Я не чувствую жары, не замечаю, когда кончается день, ощущаю только нестерпимый блеск солнца. Вселенная кажется мне раскаленным добела, странно беззвучным миром,
Дни и ночи я провожу в праздности, неподвижно сидя в полутемных комнатах. Без дум, без мыслей.
С наступлением ночи я бессильно падаю на свое жалкое ложе и с тоской встречаю сияние утра. Мне кажется, я стала похожа на сову. Когда я смотрю за окно на мир, озаренный жгучим сиянием летнего солнца, я не в силах выдержать этот палящий свет и щурюсь, словно слепая. Мне казалось, я никогда уже не смогу выйти на улицу, залитую ярким солнечным светом.
Что-то непрерывно утекало из моей души, и взамен ширилась и росла пустота. Дансити, тревожась обо мне, по-прежнему приходил, но мне было тягостно с ним встречаться. Лучше всего я чувствовала себя одна.
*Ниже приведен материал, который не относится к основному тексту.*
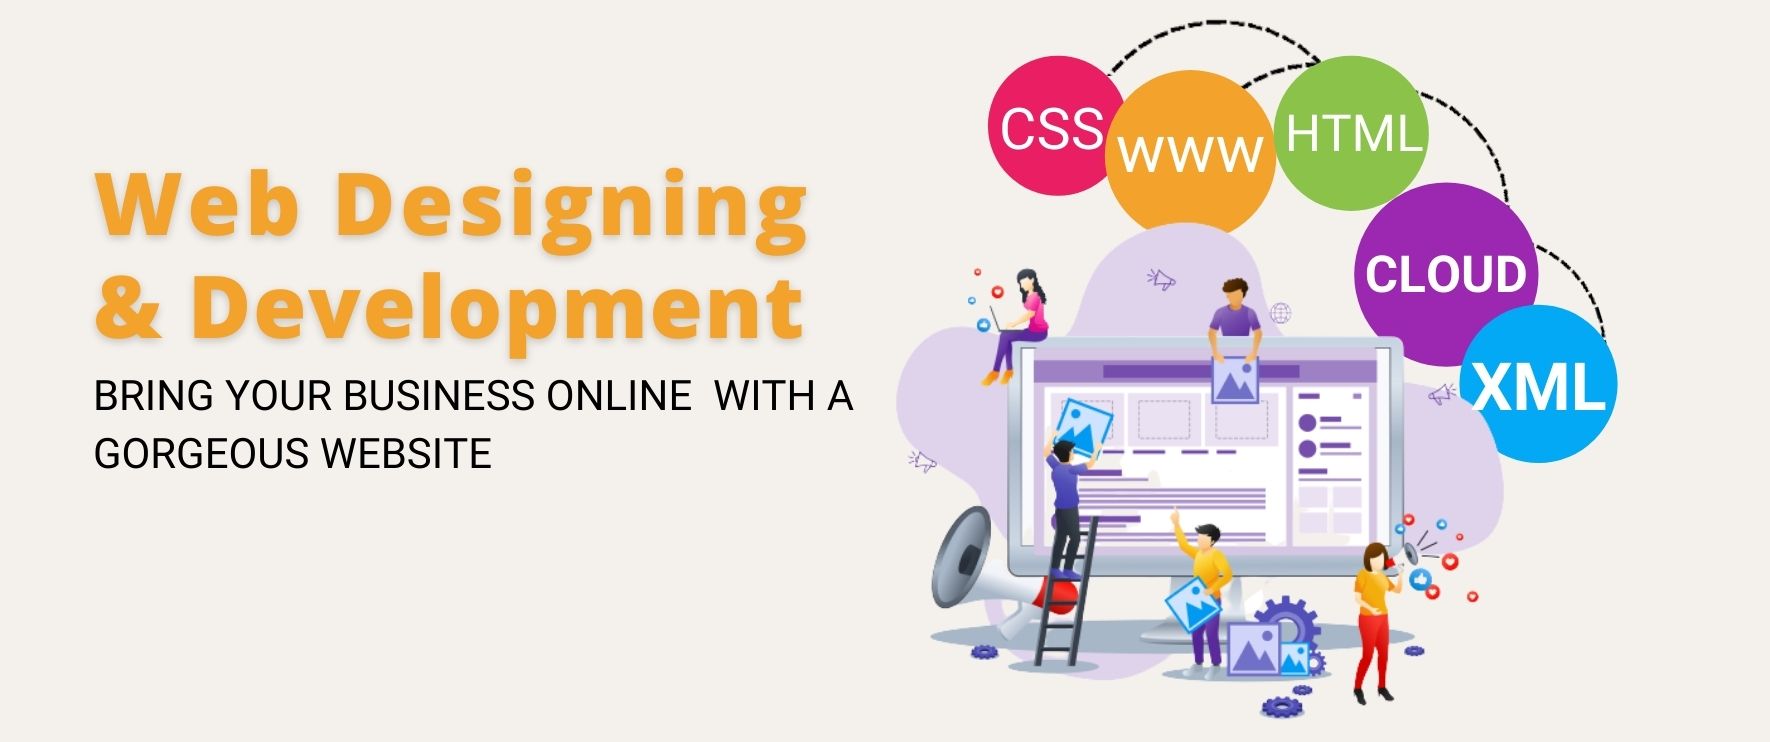 Web Designing & Development Services

От Дансити я узнала, что ученик сэнсэя господин Яситиро Миядзи, осужденный на затворничество в бухте Уса и проживший там уже восемь лет, подал прошение о «выезде на чужбину». Все эти годы он поддерживал связь с сэнсэем, изредка обмениваясь с ним письмами, но теперь, когда сэнсэя не стало, господин Миядзи уехал в Киото.
А в ноябре единственный сын сэнсэя, господин Какимори, тоже покинул княжество Тоса и отбыл в Киото. Центральное правительство не разрешило ему унаследовать род, так как сэнсэй умер, не дождавшись прощения.
Все уезжают. У молодых есть чужбина, куда они могут бежать, чтобы обрести там новую родину, есть будущее и новые пути в жизни, по которым они смогут шагать, думала я, пытаясь улыбнуться. Но мои пересохшие губы и увядшие щеки не складывались в улыбку.
Я никуда не собиралась бежать. У меня нет чужбины, куда я могла бы стремиться. Да и зачем, ведь я и здесь на чужбине. Куда бы я ни уехала, я всегда останусь чужой среди чужих.
Какие бы политические страсти ни бушевали вокруг, меня это уже не касается. Да, я стала чужой всему и для всех.
Меня больше нельзя сломить — я и так уже сломлена навсегда; зато и ничье участие не может меня согреть. Я уже не столько человек, сколько неодушевленный предмет.
Я проводила дни, запершись в доме, — доставала пачку писем сэнсэя, перечитывала их одно за другим и вспоминала свои ответы на то или иное его послание.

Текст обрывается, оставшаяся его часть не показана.